Model | Accuracy | Recall (micro) | Recall (macro) | Precision (micro) | Precision (macro) | F1 (macro) | F1 (micro) |
---|---|---|---|---|---|---|---|
convnextb | 0.5145 | 0.5145 | 0.4032 | 0.5145 | 0.3034 | 0.5145 | 0.3208 |
convnexts | 0.5242 | 0.5242 | 0.3881 | 0.5242 | 0.3106 | 0.5242 | 0.3209 |
efficientnet2m | 0.5640 | 0.5640 | 0.4081 | 0.5640 | 0.3363 | 0.5640 | 0.3513 |
efficientnet2s | 0.5870 | 0.5870 | 0.4115 | 0.5870 | 0.3519 | 0.5870 | 0.3628 |
blip-vqa-capfilt-large | 0.6316 | 0.6316 | 0.4205 | 0.6316 | 0.3951 | 0.6316 | 0.3930 |
vilt-b32-finetuned-vqa | 0.7237 | 0.7237 | 0.4438 | 0.7237 | 0.4565 | 0.7237 | 0.4460 |
We see that accuracy and micro recall are equal for multiclass classification.
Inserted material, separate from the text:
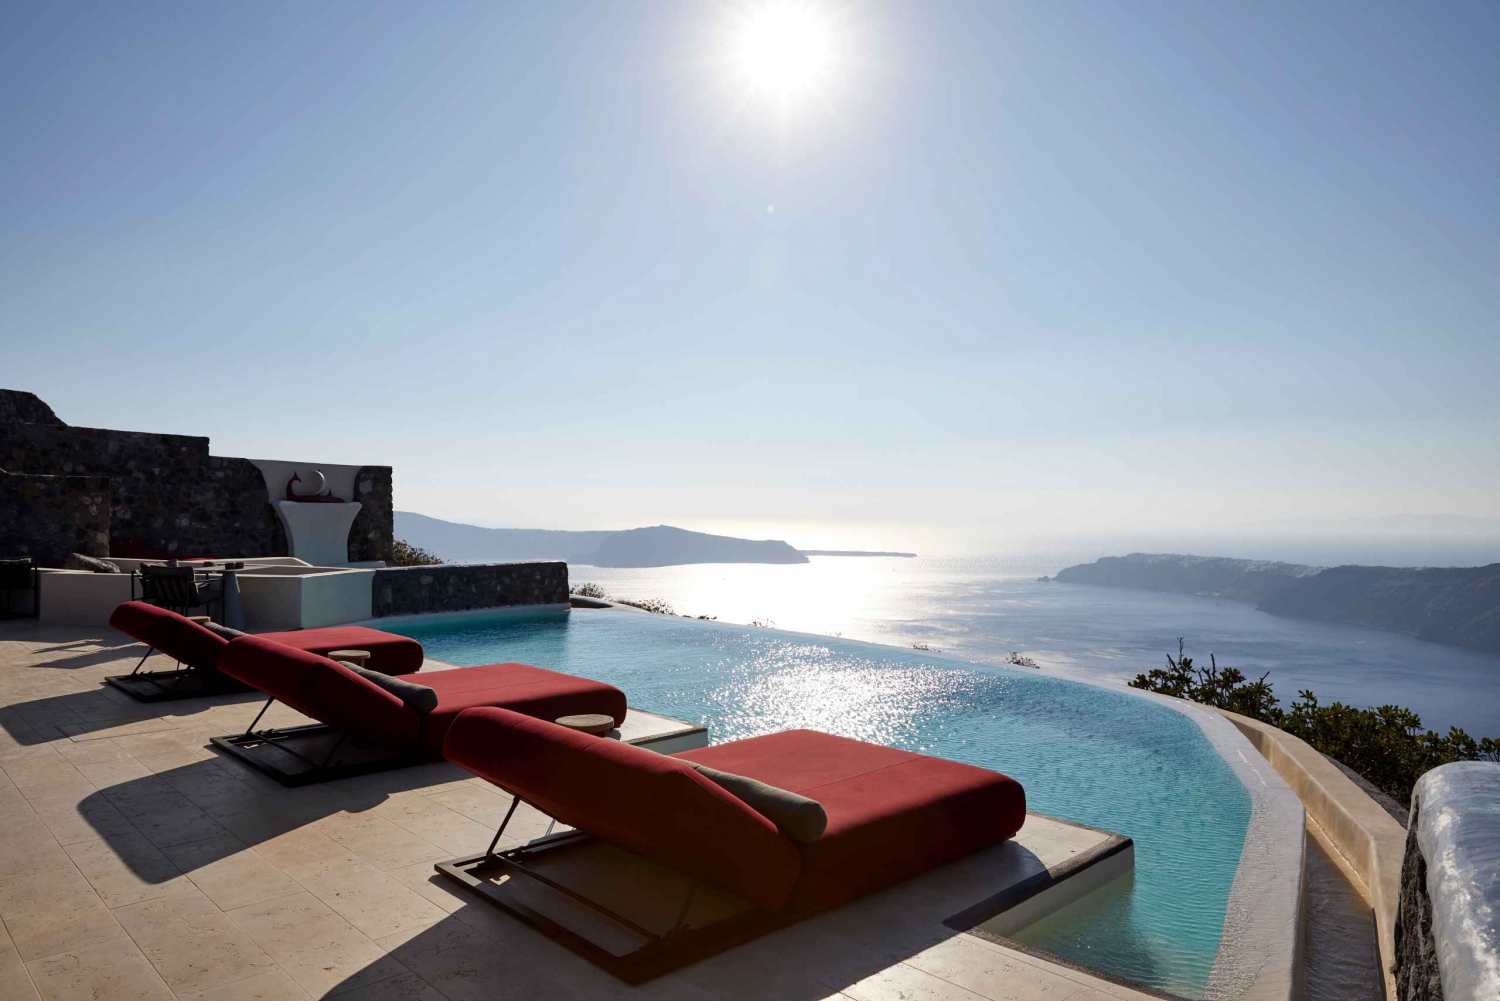 Daybed Relaxation with infinity pool use with caldera views

We see that off all the BRAILS models, efficientnet2s
is the best, even though it's the smallest model! Perhaps it has something to do with the small size of the training set, with a small model better able to utilize it. Overall, ViLT outperforms all the other models with the test threshold. It could be interesting to try other thresholds and see how it affects the classifier performance of the VQA models.
You can recreate these results by running the code here: https://github.com/lhovon/vqa-models-buildings
Conclusion
This is mostly me playing data scientist, if you found some glaring mistakes or thought this did not make any sense, please let me know. I'd be happy to learn more about this subject.
Overall, I was very happy with the results from BLIP. It was cool to be able to run a model and actually solve a real problem using it, all without requirting expensive hardware.
Notes
The two models are bad at following instructions. For example, if told
Reply 'no_bldg' if no building is visible, 'metal' if a metal building is visible and 'not_metal' if a non-metal building is visible
they will both consistently answer by yes/no instead.